Hard tasks ahead for 3rd telco
After a year and a half since President Duterte vowed to allow a third telco player to break the existing duopoly, Malacañang last week gave the permit to operate to Mislatel Consortium, now named Dito Telecommunity Corp. While many feel that the event called for a celebration, the awarding of the certificate of public convenience and necessity (CPCN) actually signals the start of more difficult tasks ahead.
For starters, Dito Telecommunity must cover at least 37 percent of the Philippine population by July 8, 2020—exactly a year after it was given its radio frequencies and license to operate. This is among the third telco’s promises that led the government to award to it a slot in the industry now dominated by PLDT Inc. and Globe Telecom.
Dito Telecommunity, a partnership between presidential friend and Davao-based businessman Dennis Uy and China Telecom, also promised to deliver a minimum average internet speed of 27 megabits per second (Mbps) on its first year, going up to 55 Mbps in the succeeding years.
In contrast, current internet speed averaged 19.31 Mbps in the first quarter of 2019, according to speed test reports by Ookla, the global leader in internet testing, data and analysis. Mobile broadband speed averaged 14.71 Mbps in the first quarter of 2019.
Despite the improved speeds from the year before, however, the Philippines’ global ranking slipped a notch to 104th in mobile broadband internet speed, and by seven places to 108th in fixed broadband internet speeds.
Dito Telecommunity likewise committed to spend P257 billion over the next five years and cover 84 percent of the Philippine population within such a short span. Failing in this, the company risks losing the P25.7-billion bond it posted in order to get its CPCN and frequencies.

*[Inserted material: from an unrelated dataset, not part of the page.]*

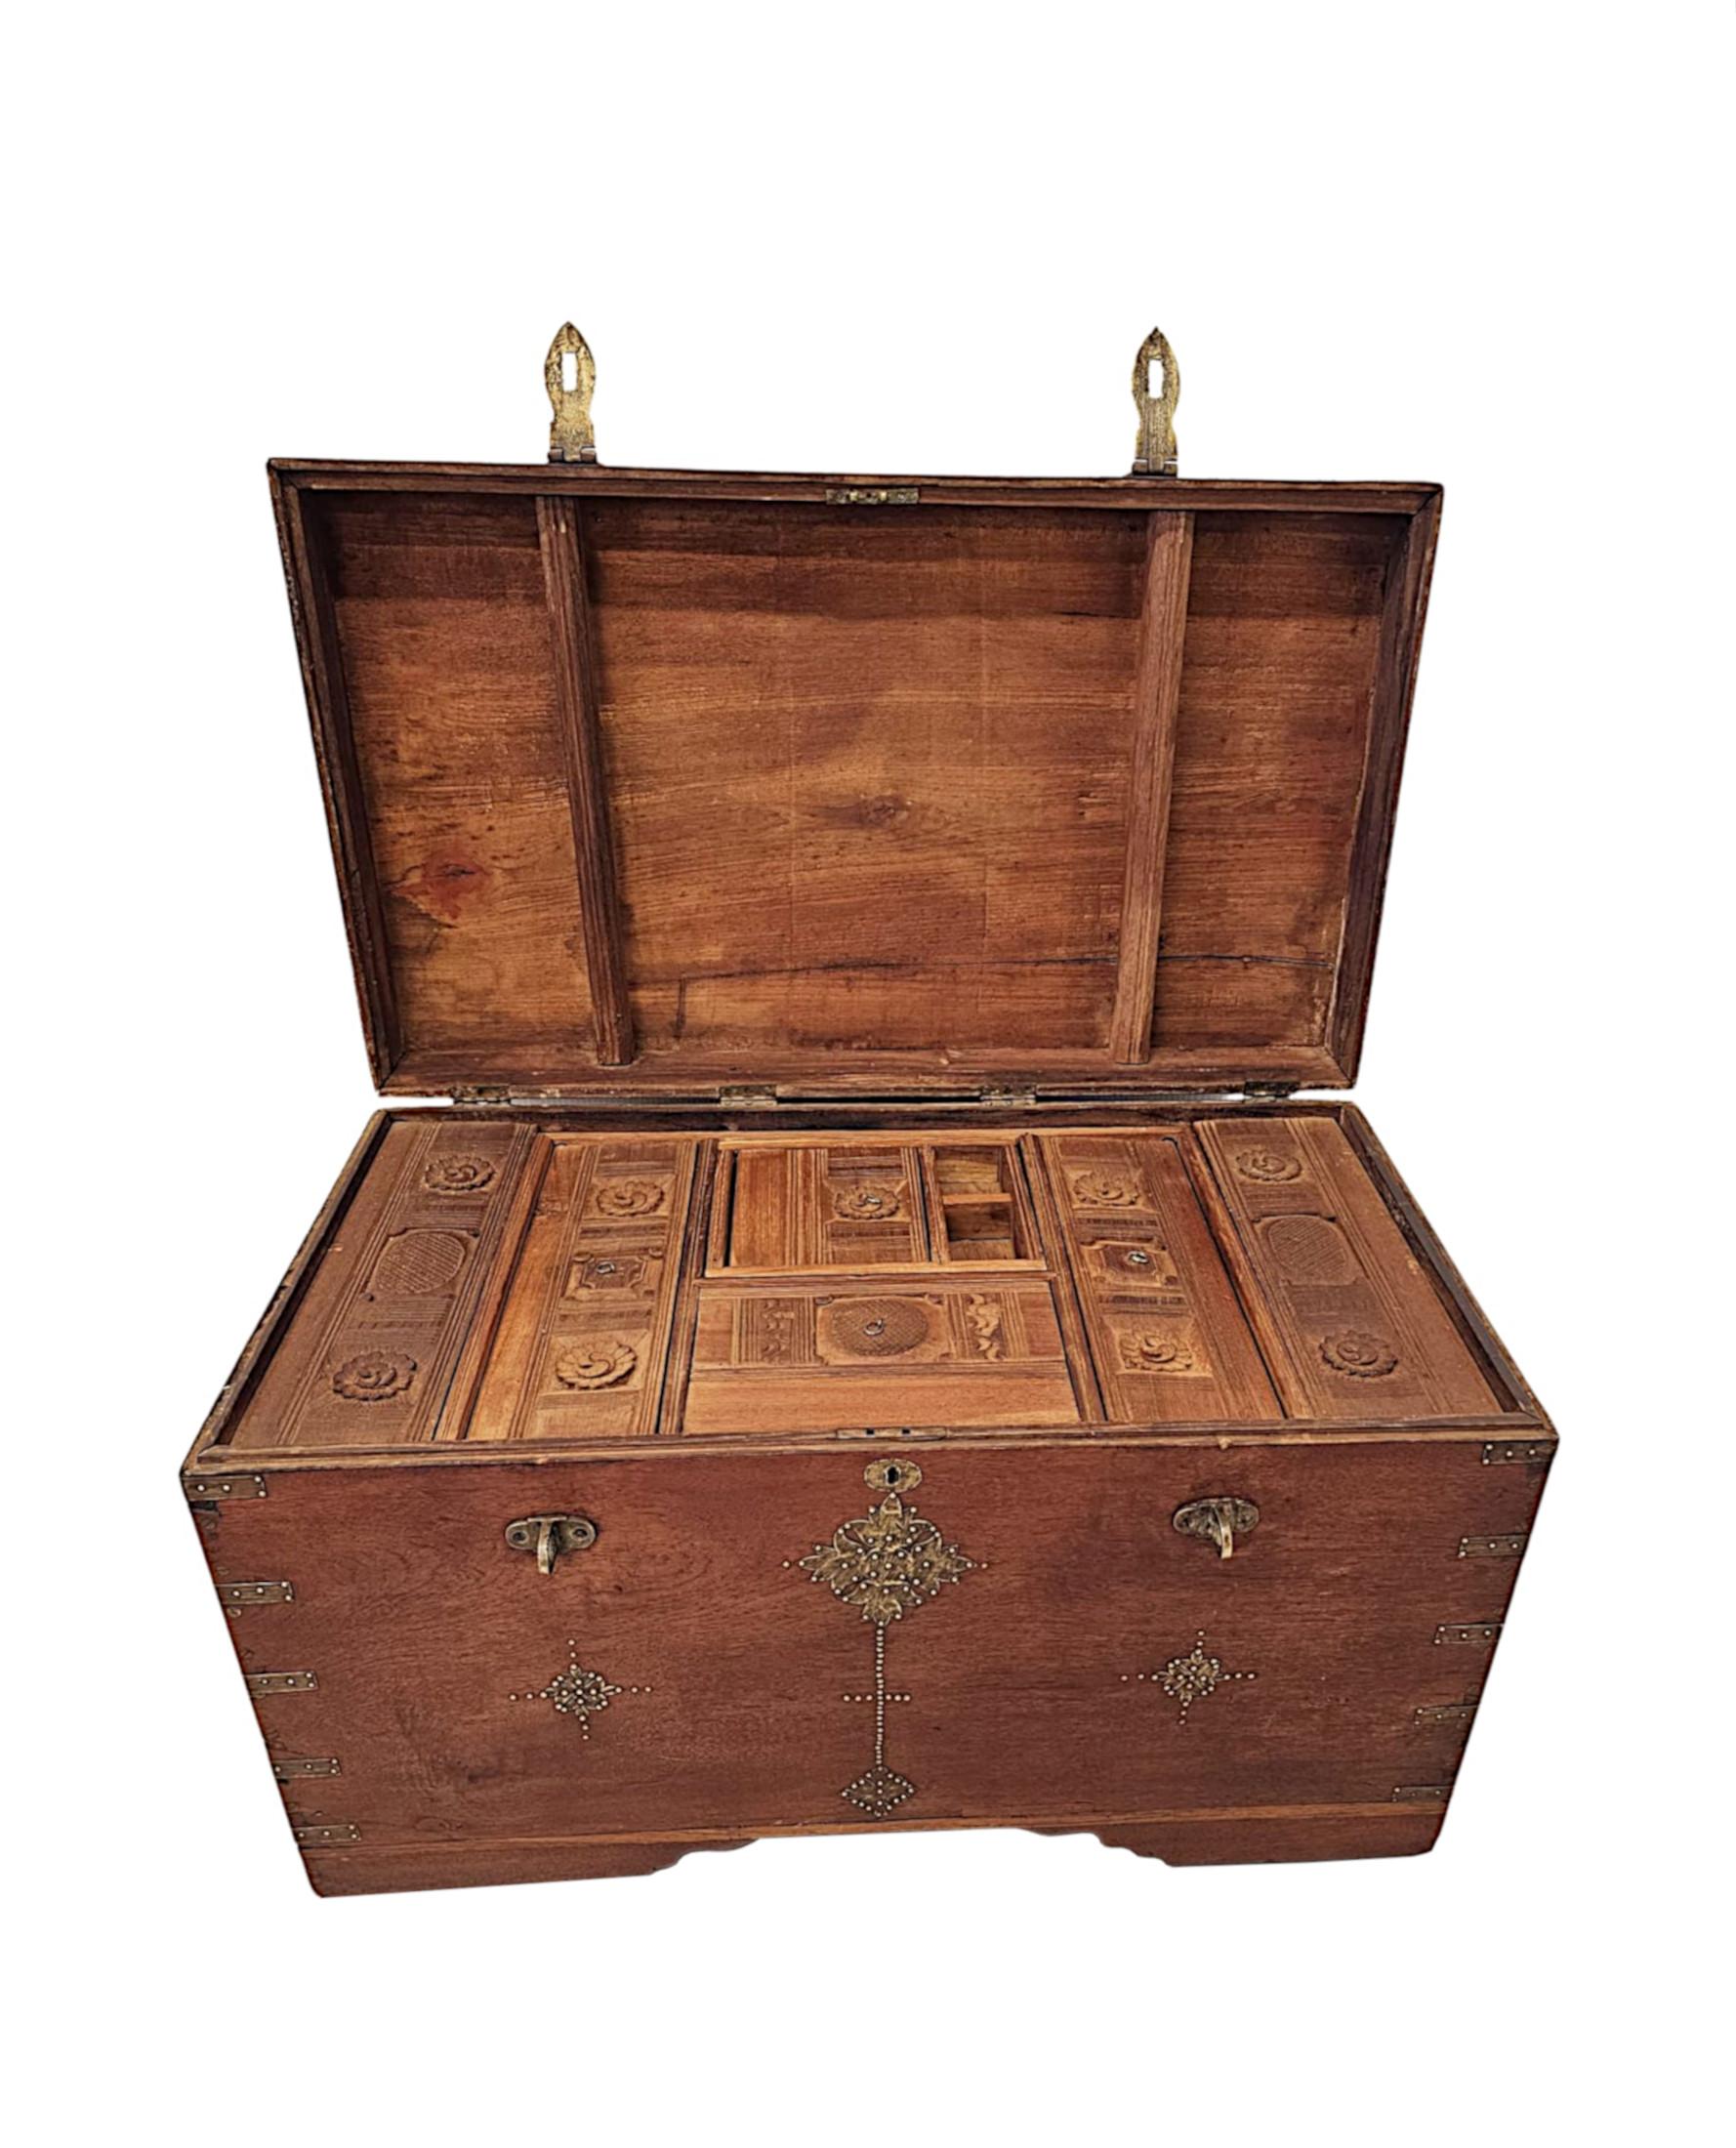  A Very Rare 19th Century Anglo Indian Travelling Trunk For Sale 1

The agreement calls for its forfeiture in case Dito Telecommunity breaches its commitments to the government.
It also cannot go the way of Sun Cellular, which was launched by the Gokongwei family in 2003 only to be sold to PLDT in 2011. Under its agreement with the government, Dito Telecommunity will have no avenue to sell out unless it returns its frequencies to the government. These frequencies are the bread and butter of telco companies.
And, of course, there is the expected obstacle from the incumbent players. Why would Globe and PLDT roll out the red carpet for a competitor? There could arise issues on interconnection similar to the problems that persisted between the two existing players when they were fighting for market share.
On the plus side, the third telco player can benefit from the new government policy on cell tower sharing. Dito Telecommunity can simply tap third-party providers with existing towers instead of constructing these from the ground up. Last week, Now Telecom Co. Inc., among the companies that submitted a bid for the third telco player last year but withdrew after it lodged a case before the Court of Appeals to stop the government from enforcing certain provisions of bidding for a new major player, announced that it was open to a possible partnership with Dito Telecommunity.
The number portability scheme now being implemented by the government can also benefit the third telco player, as it allows subscribers to shift providers without changing their mobile number, thus avoiding the cost and hassle of switching to new numbers (for example, the need to update all your contacts and official records about your new mobile number).
A lot of risks and challenges indeed await the third telco. But, given the financial muscle of China Telecom and the Filipino partner’s closeness with the government, Dito Telecommunity may well be in a position to overcome all these and become the third major player in an industry plagued by complaints of slow internet and erratic service. Ordinary consumers can only hope it will live up to its chief promise: to provide the Filipino public with fast and reliable internet service, at a cheap price.